AUSTERLITZ [SubITA]

Titolo originale: Austerlitz
Paese di produzione: Germania
Anno: 2016
Durata: 94 min.
Genere: Documentario
Regia: Frederick Wiseman

Presentato fuori concorso alla Mostra del Cinema di 2016, Austerlitz di Sergei Loznitsa è uno straordinario documentario sulla memoria e sulla sua persistenza, sulla fruizione individuale e collettiva di un luogo di morte e dolore, sulle modalità e sui tempi di questa fruizione. Un film che suggerisce domande, senza imporre risposte, senza invadere mai lo spazio altrui. Tra le vette di Venezia 2016.

La giusta distanza
Vi sono, in Europa, luoghi che sopravvivono come dolorose memorie del passato, fabbriche in cui gli esseri umani sono stati ridotti in cenere. Oggi questi siti sono luoghi del ricordo che, aperti al pubblico, accolgono migliaia di turisti ogni anno. Il film, ispirato all’omonimo di W.G. Sebald dedicato all’Olocausto, si concentra sui visitatori di questo luogo del ricordo creato sull’area di un precedente campo di concentramento. Perché la gente viene qui? Che cosa cerca? [sinossi]

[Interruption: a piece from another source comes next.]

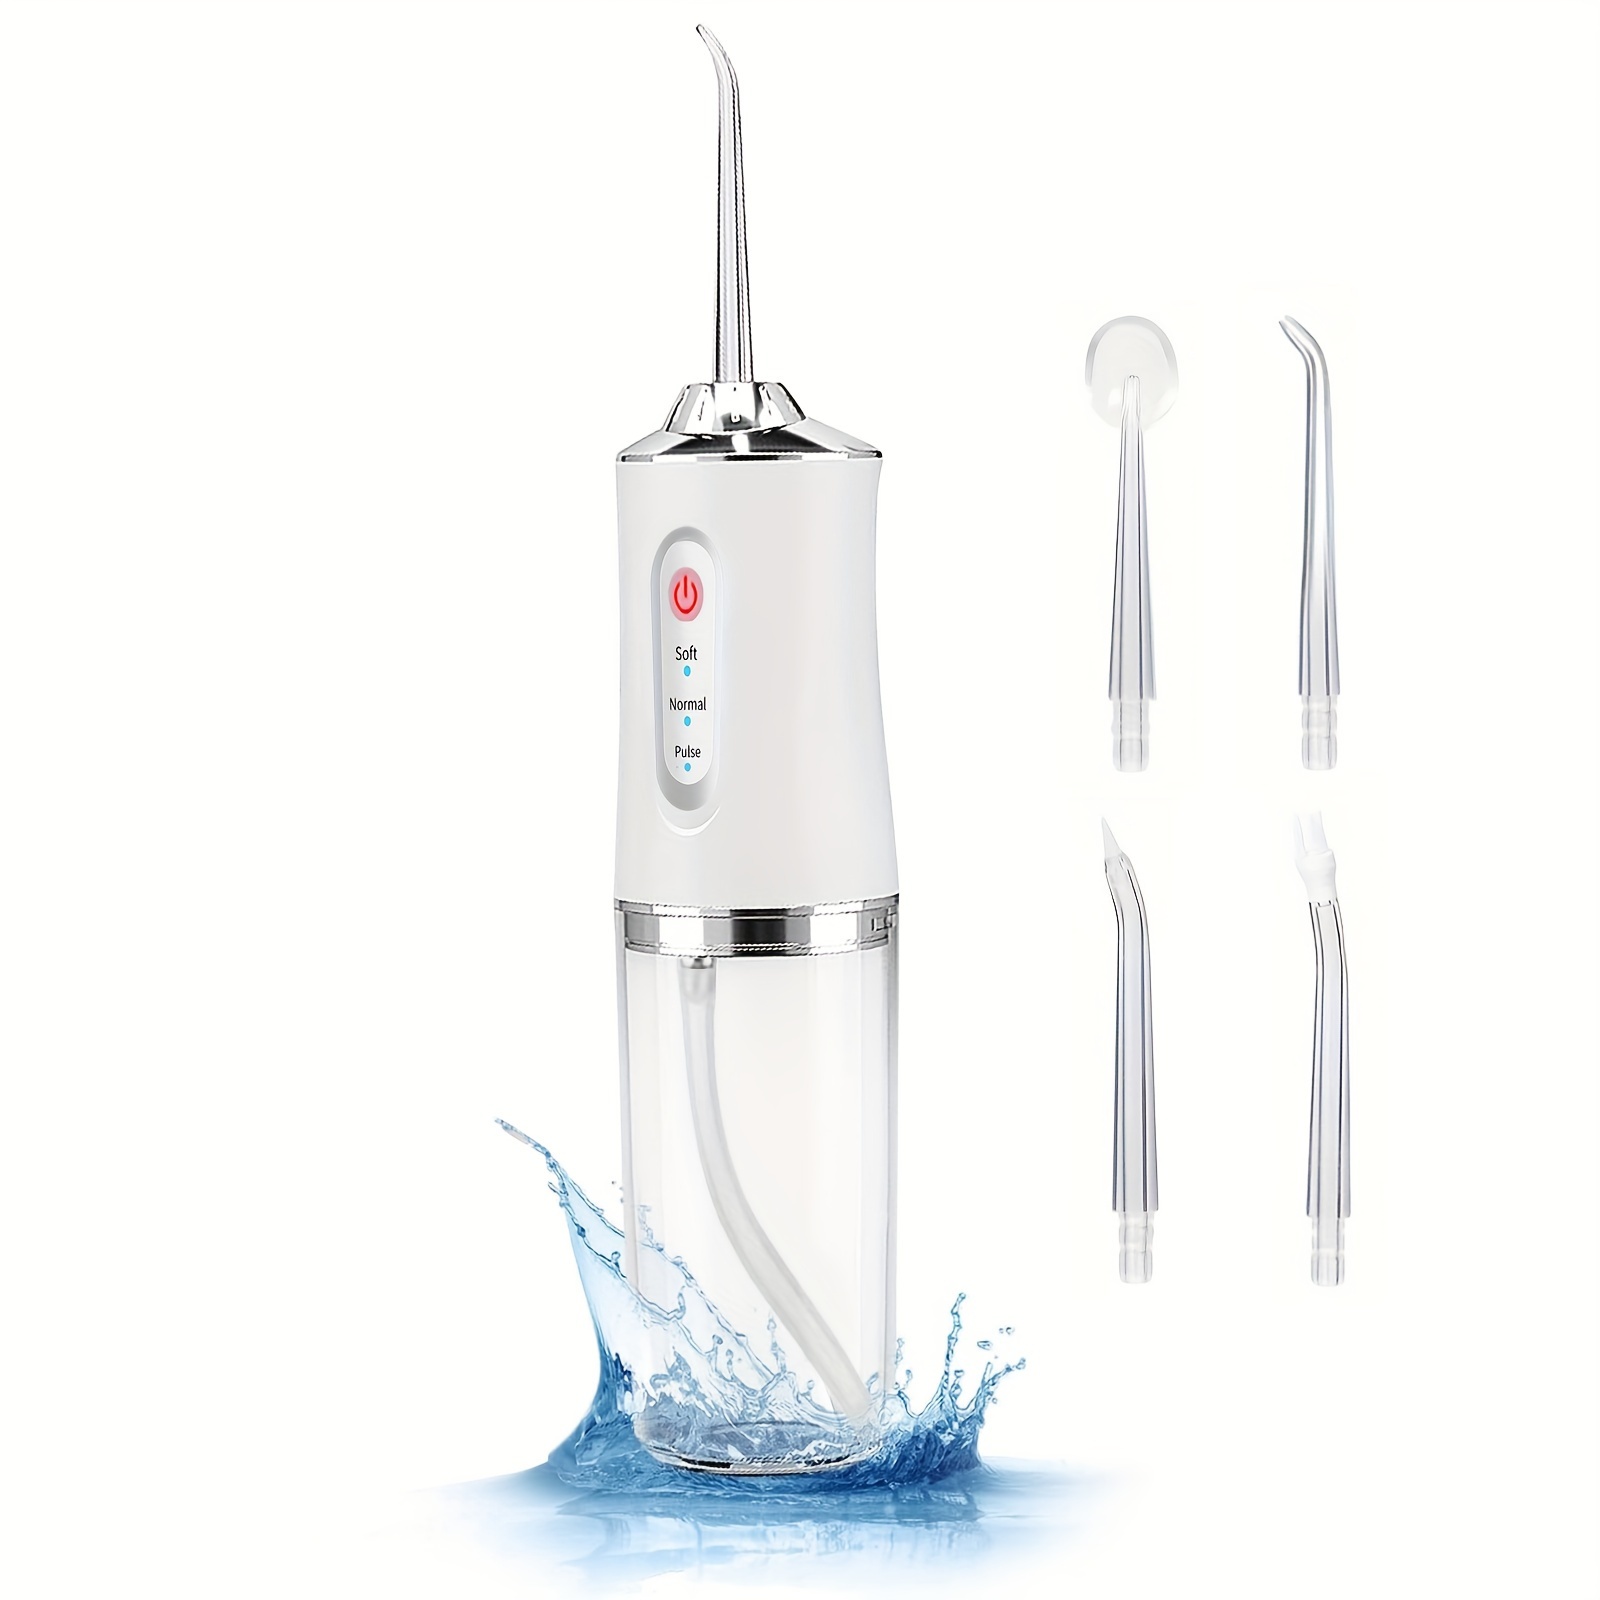 

1 Set Electric Water Flossers For Teeth, Dental Oral Irrigator With 4 Jet Tips, 3 Cleaning Modes, 300ml Detachable Reservoir, Rechargeable Cordless Waterproof Teeth Brush Kit At Home And Travel

Perché mai una coppia di innamorati o una madre con il figlio
si recano in una bella giornata estiva a vedere i forni crematori?
Per cercare una risposta ho fatto questo film.
– Sergei Loznitsa

Il cinema è (anche) geometria, traiettorie, circolarità, punti di vista. E giusta distanza. Parte proprio dalla ricerca di questa distanza il monumentale cineasta Sergei Loznitsa per il suo ultimo documento/documentario Austerlitz, immersione silenziosa e inevitabilmente dolorosa nel campo di concentramento di Sachsenhausen.
Il ucraino cerca – e trova – un filtro, una sorta di protezione e di guida, per affrontare la trasferta di Orianenburg, a qualche decina di chilometri da Berlino. Uno dei tanti luoghi segnati dalle atrocità della Storia. Loznitsa si affida idealmente alla profondità di sguardo di Jacques Austerlitz, professore di protagonista del Austerlitz di W.G. Sebald: la ricerca del passato e della memoria attraverso i luoghi, la capacità dell’eroe sebaldiano di leggere l’architettura, diventano il mezzo e in buona parte il fine di Loznitsa e di Austerlitz.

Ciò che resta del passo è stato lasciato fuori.